35. An antigen binding protein according to claim 34.

An isolated nucleic acid encoding the light chain, heavy chain, or both of the antigen binding component of claim 34, comprising:
(A) L1-L11 of SEQ ID NOs: 17-27;
(B) H1-H11 of SEQ ID NOs: 28-38; or (c) SEQ ID NOs: 316, 320, 322, 324, 326, 318, 328, 330, 332 or 334
A nucleic acid comprising

An expression vector comprising the nucleic acid according to claim 45.

49. An isolated cell comprising the nucleic acid of claim 46.

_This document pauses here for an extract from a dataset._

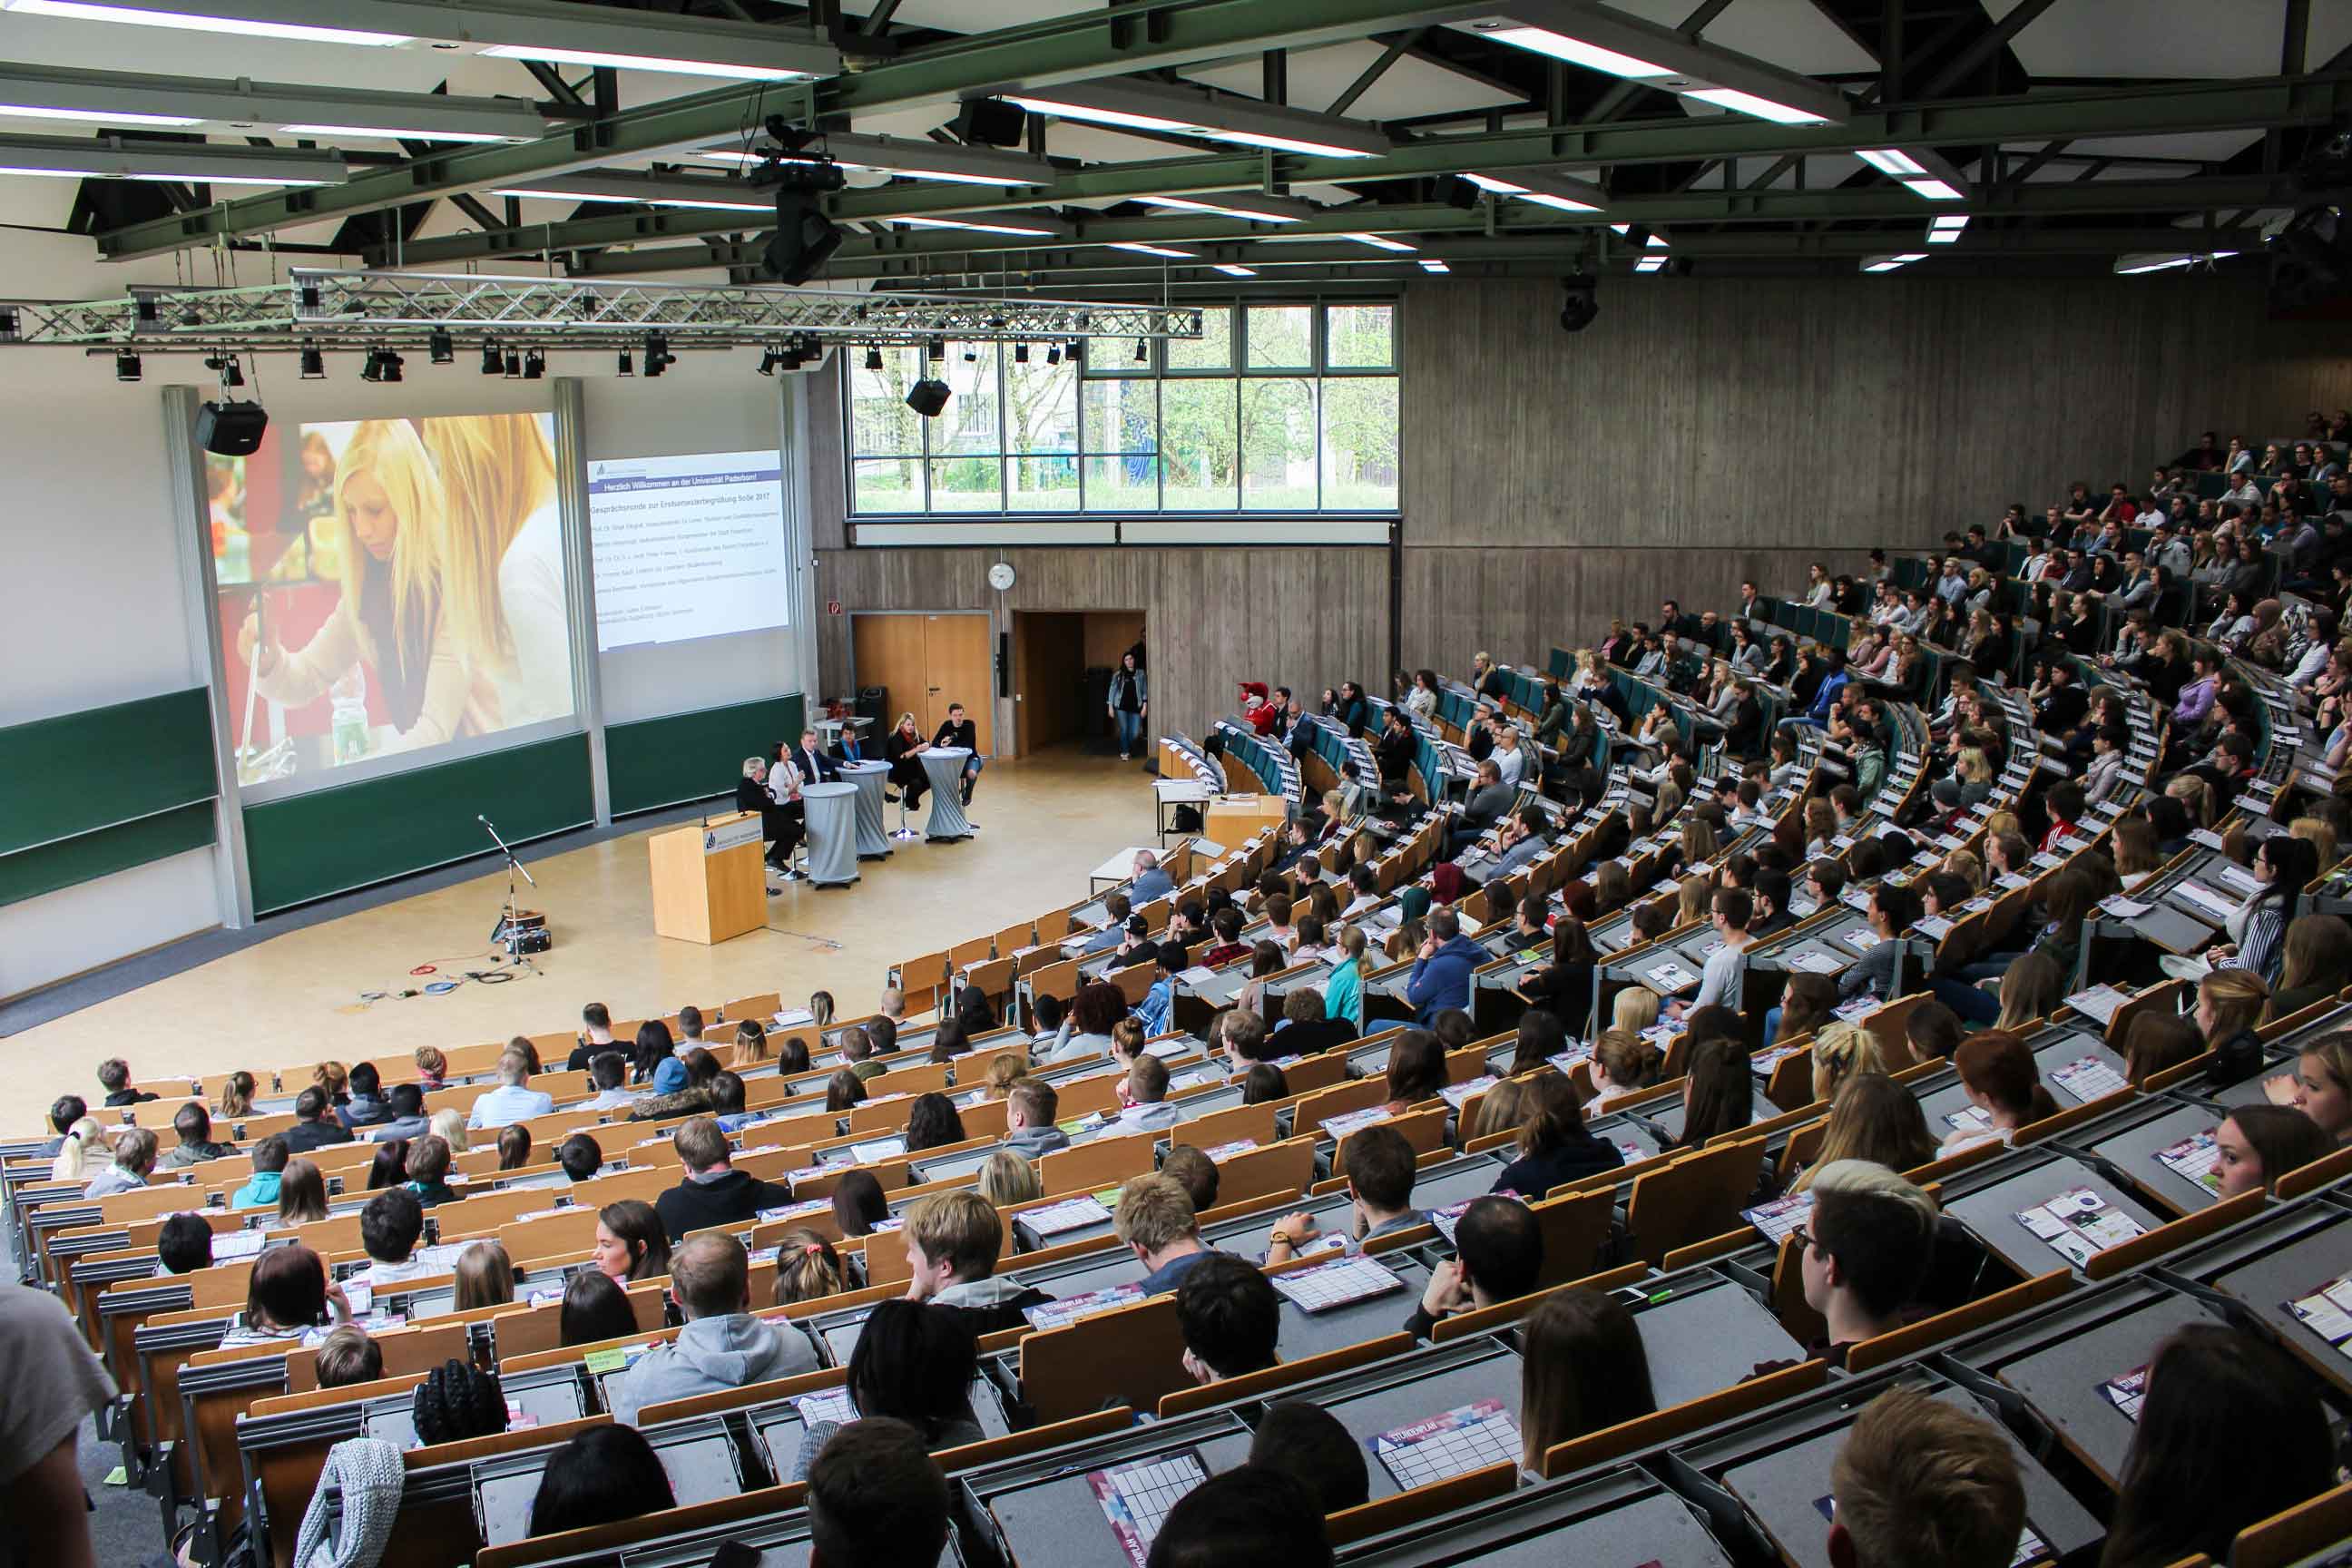 Lecture hall of a university with many students sitting on rows of benches
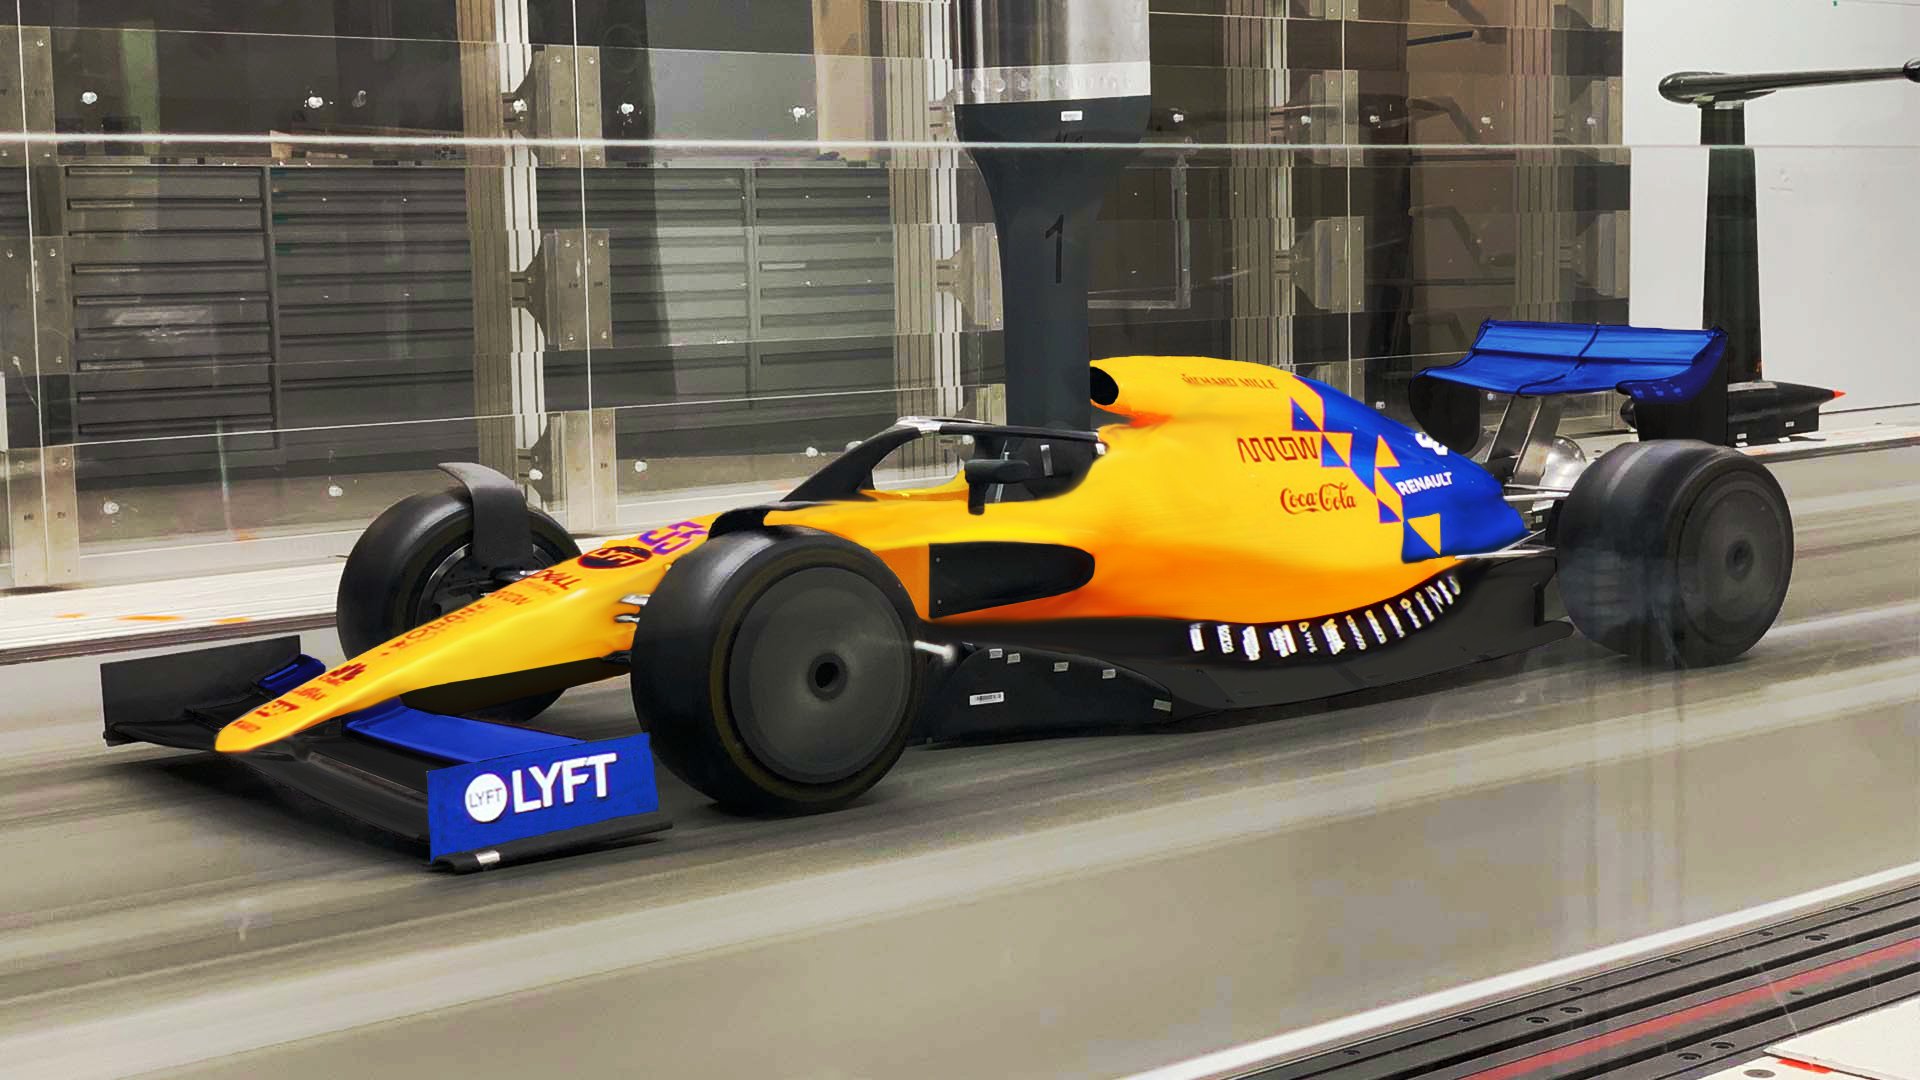 F1 2021 Wind Tunnel Model with McLaren's Livery (Not the best job)

48. The isolated cell of claim 47, comprising an expression vector comprising a nucleic acid.

35. A pharmaceutical composition comprising the antigen binding protein-FGF21 fusion of claim 34 and further comprising a pharmaceutically acceptable carrier.

50. The pharmaceutical composition according to claim 49 for preventing or treating a condition in a subject that is treatable by lowering blood glucose.

50. The pharmaceutical composition according to claim 49, wherein the condition is selected from type 2 diabetes, obesity, dyslipidemia, non-alcoholic steatohepatitis, cardiovascular disease, and metabolic syndrome.